While I can manually find a new feature that would separate the classes, I am to lazy to do that. It’s called Machine Learning, I want the machine to do it for me. SVMs can hep me with that. I can ask them to use a “kernel” which will make my model non-linear. Here is how it works, hopefully sufficiently dummified.

Imagine I have 20,000 training samples. The first thing the model does is that it remembers them all. It just shamelessly stores all 20k samples. Now imagine I have a new sample coming to the model. The model calculates distances from my 20k training samples to my new sample which results in 20k new features. First feature is the distance to the first sample in my training set, second is the distance to the second sample etc. Suddenly I have twenty-thousand-dimensional space and it’s much more likely that I will find a linear plane that would separate both classes. This method intuitively makes sense. Points representing A’s are likely to be near other point’s representing A’s so if we somehow incorporate distance into the model, it should get better result. In more clever sounding words, if I project the plane form 20k dimensional space back to my original 784 dimensional space, I can get highly nonlinear boundary.

Now a bit less dummified version (dummified is a word, I swear). Not all 20k training samples are used, only the most interesting ones (they are called Support Vectors hence the name). So the space we are using has less than 20k dimensions. Moreover the distance is not necessary a distance, it’s just some function that takes two points (vectors) as an input and returns a number (new feature). This function is called kernel and we pick it when configuring the classifier – Gaussian (rbf) is the most common. And while the method sounds complicated and slow, it uses some mathematical shortcuts so it’s relatively fast. Unfortunately it does not scale well with number of training samples.

Let’s see how the method looks in the code.

clf = svm.SVC(C=10, gamma=0.01, cache_size=2000) 

The rest of the code is the same as the last time, we’ve just changed the classifier. We see our favorite (hyper)parameter C. There is also a new parameter ‘gamma’ which configures the kernel. Smaller gamma makes our Support Vectors reach further and generalize more.

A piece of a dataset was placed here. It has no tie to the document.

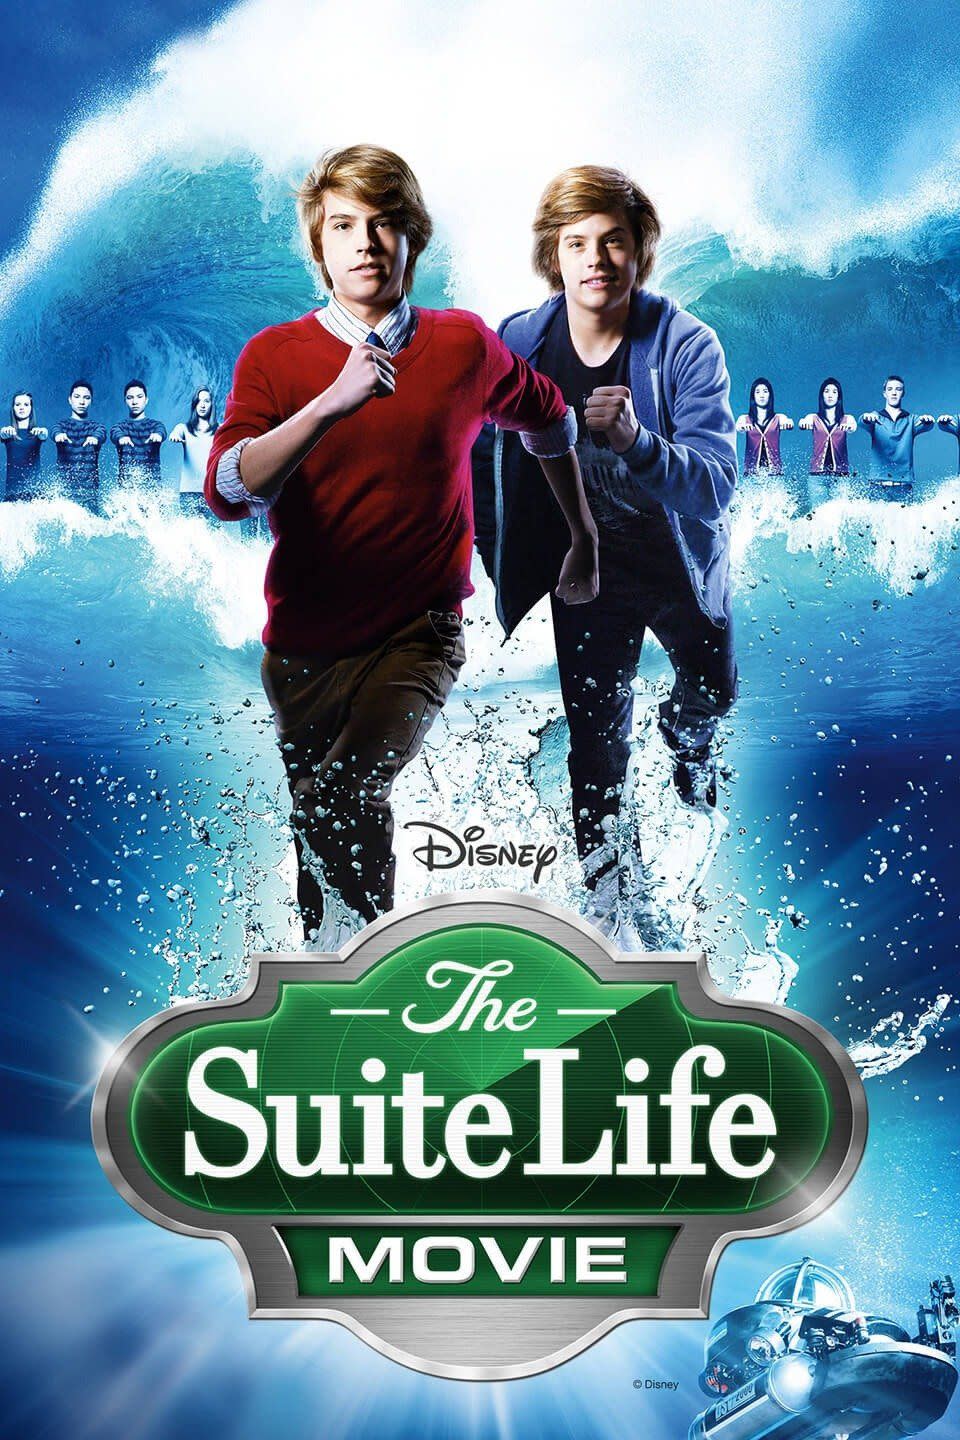 25. <i>The Suite Life Movie</i>

So what are the results? We got to 99.7% accuracy on the training set. It’s not surprising, the model actually remembers some of the training samples. If we call ‘clf.support_.shape’ it will tell us that it remembers 8,670 samples out of 20,000. It means that our model has to learn 8,670 parameters for each classified class. Let’s count how many numbers the model needs to remember. It stores 8,670 samples each of them having 28×28=784 values. We are trying to classify 10 letters so the model learns 10×8,670 parameters. (Actually 9×8,670, but let’s not go there.) All in all, the model consists of almost 7,000,000 parameters (numbers) most of it in form of Support Vectors picked from training samples. The training takes less than 3 minutes on my laptop.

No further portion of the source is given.